Throughout my teaching career, I’ve generally been blessed with students and parents who “trust the process” and aren’t too overly eager to race blindly ahead through the repertoire. This has never been more true than at present, and I’m extraordinarily grateful to be able to work by and large with students and parents who share a similar vision of the path of developing musical ability that includes repetition, review, and a logical, sensibly-paced progression through selections of music that match students’ ability.
That said, how many of us can truly say that we can “play any piece… no matter how long ago we have learned it,” much less play it “well?”
As I’ve thought about this principle this week, I’ve likened developing ability on a musical instrument to several images in my mind:
- A pyramid under construction.
- A skyscraper being built.
- A growing tree.
I’ve always been moderately fascinated with ancient Egypt, and the engineering and architectural marvels they were able to accomplish without the use of modern tools. When it comes to building pyramids, one simple principle is always at play: the higher the planned pinnacle of the pyramid, the wider the base of the pyramid must be. I relate this to developing ability on a musical instrument by thinking that the greater heights of musical accomplishment we want to achieve the “wider our base” must be. In this case, a “wide base” is being able to play every piece we’ve ever learned, and play them well. What would happen if, as the workers continued to work on building the pyramid higher, the foundational layers began to crumble and fall into disrepair? Would the structure ever be able to come to its envisioned fulfillment?
I’ve also aways been awed by the Chicago skyline, highlighted by the Sears (now Willis) Tower, and have on many occasions enjoyed walking through the streets of downtown Chicago, surrounded on all sides by almost unimaginably-high walls of steel and glass. Skyscrapers are truly a modern engineering marvel, and one simple principle is at play in their design and construction: the greater the planned height of the skyscraper, the deeper the foundation that must first be dug, almost always accompanied by steel beams driven all the way down to bedrock. Once again, I relate this to developing ability on a musical instrument by thinking that the greater heights of musical accomplishment we want to achieve, the “deeper our foundation” must be. In this case, a “deep foundation” is once again being able to play every piece we’ve ever learned, and play them well.
And finally, I’ve always loved trees. In fact, I often imagine that if I ever have a second career it would hopefully be in something like reforestation. Or, in a perfect world, maybe I could find a way to raise support for preservation of the rainforests through musical benefits. I digress. When I think about trees, I am reminded that before they explode upward and outward, they spend the first several years of their life putting down roots, which continue to grow deeper and wider underground as the tree does so visibly above ground. And what happens to a tree if its root system is damaged? No matter how healthy the tree is above ground, it will suffer to some degree, and if the roots are damaged enough the tree will die. I relate this to developing ability on a musical instrument by thinking that the higher, and wider, and more blossoming and beautiful we want our ability to be, the deeper, and wider, and stronger, and more healthy we need to keep our “roots.” And in this case, our “roots” are every piece we’ve ever learned, and maintaining the ability to play those pieces and play them well.

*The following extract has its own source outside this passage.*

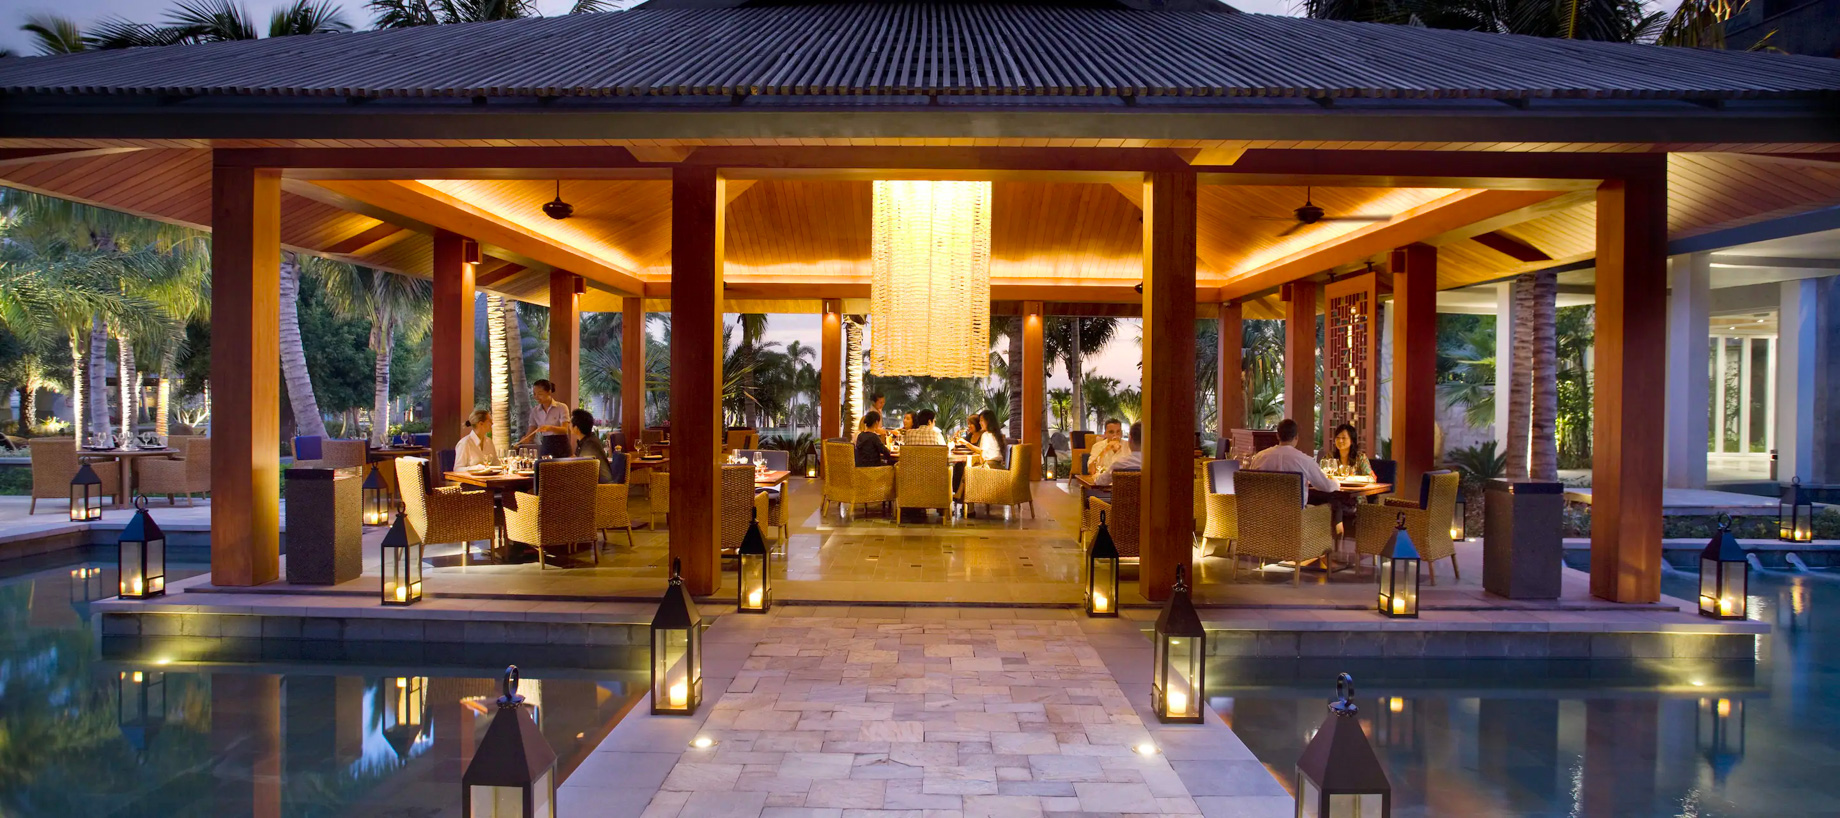 Mandarin Oriental, Sanya Hotel - Hainan, China - Pavilion Restaurant

I do still get the occasional request to “move ahead faster,” to “focus more on new material,” or to “spend less time on review.” And while I can understand the desires that motivate these requests, and think they’re often if not always well-intentioned, I think they miss out on a key element of developing ability on a musical instrument that lies in having a deep, wide, strong, healthy base of repertoire that in itself teaches and reinforces good technical and musical skills. I hope that reflecting on this particular of Dr. Suzuki’s principles will help bring us all into a more unified vision of what creates long-term, sustainable success as we prepare to head into a new school year together!